- EXERCISE GOAL
Set down the data below in full, exactly as it reads, but without the pictures.

- INFORMATION SUPPLIED
☆ ☆ ☆ ☆

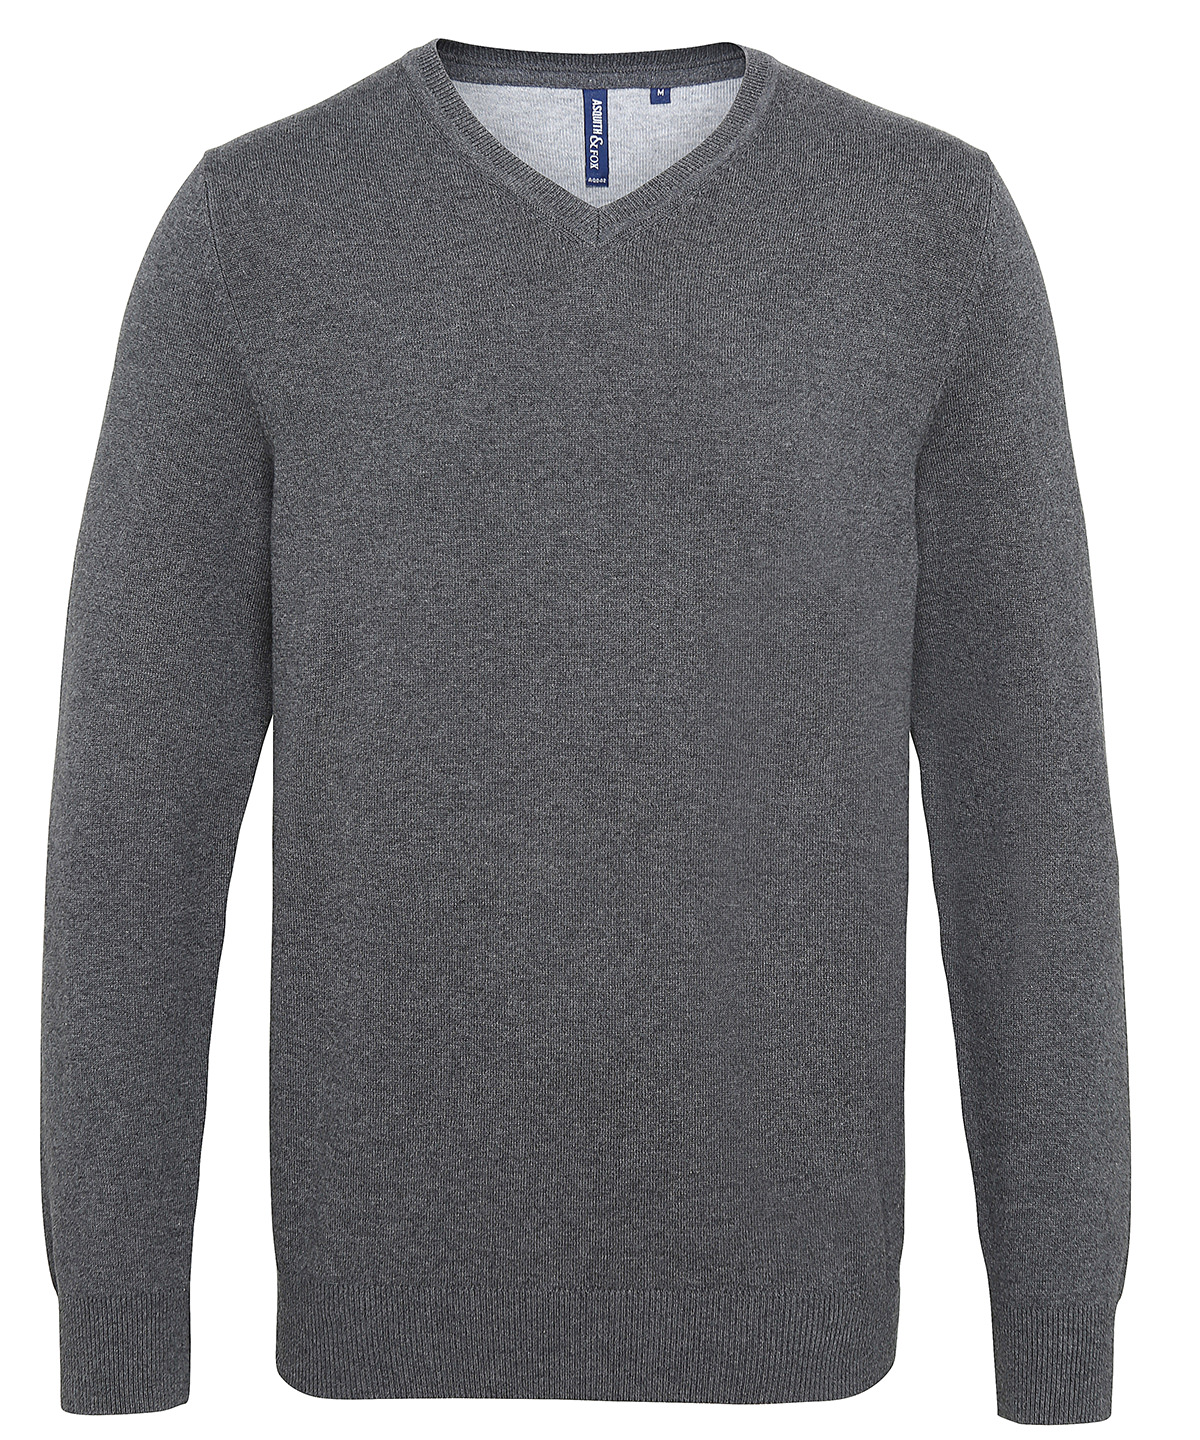 Mens Cotton Blend V-Neck Sweater Charcoal Size 2XLarge
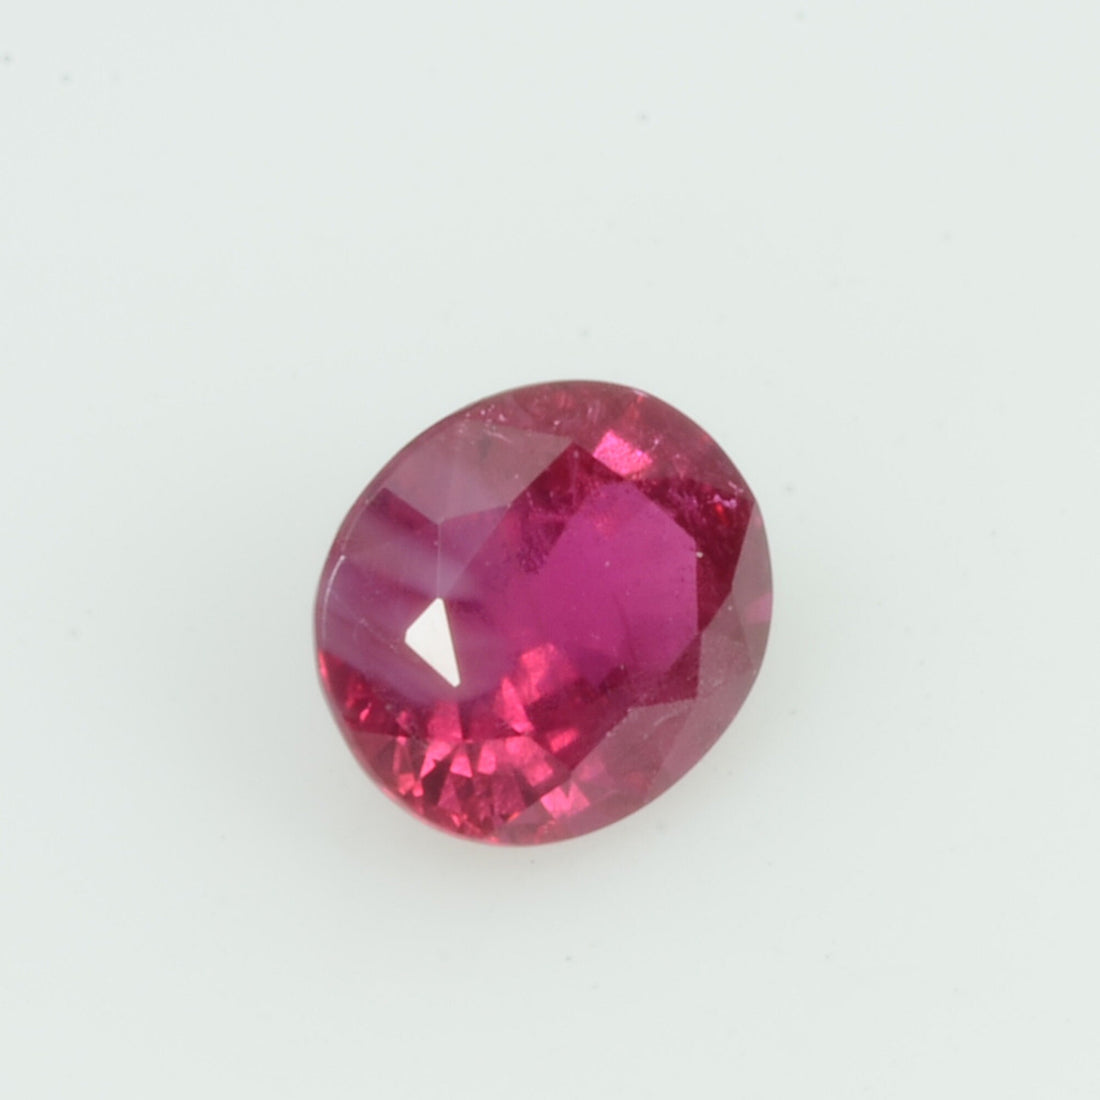 0.70 Cts Natural Burma Ruby Loose Gemstone Oval Cut
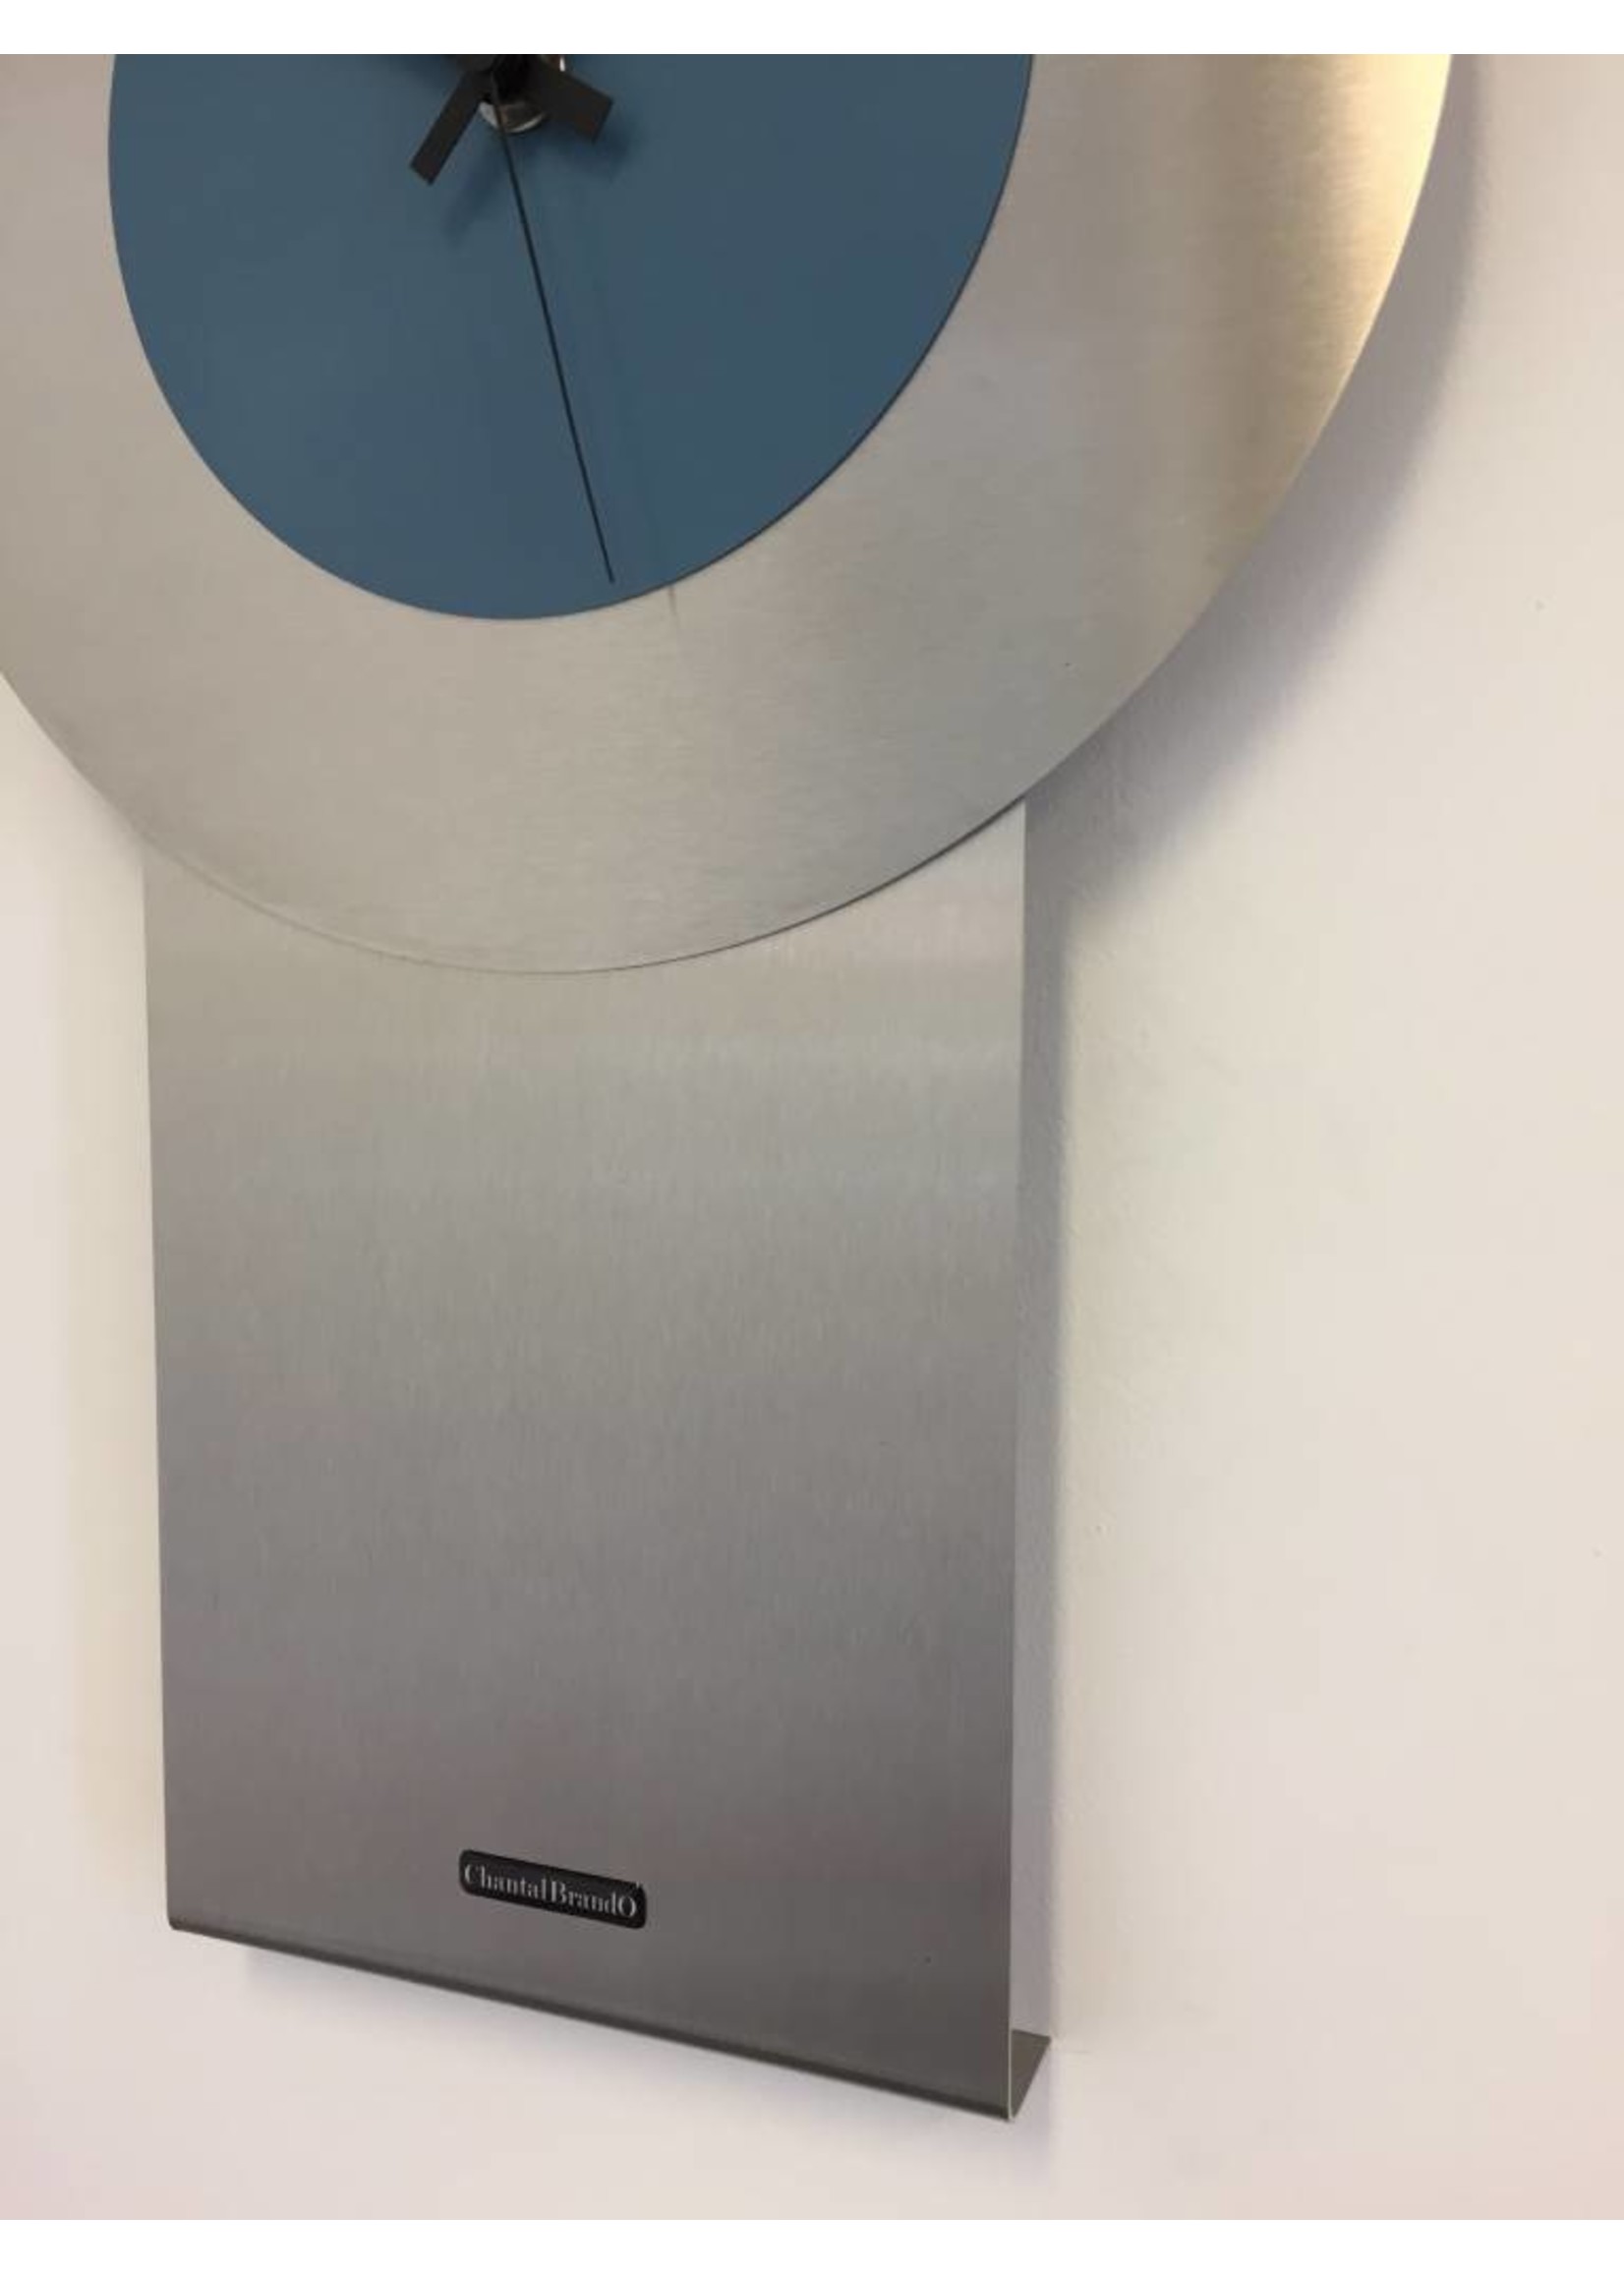 Klokkendiscounter BeoXL - Wanduhr Pendulum Steel-Blue Design

☆ ☆ ☆ ☆

- SOLUTION TO THIS TASK
 Mens Cotton Blend V-Neck Sweater Charcoal Size 2XLarge
 0.70 Cts Natural Burma Ruby Loose Gemstone Oval Cut
 Klokkendiscounter BeoXL - Wanduhr Pendulum Steel-Blue Design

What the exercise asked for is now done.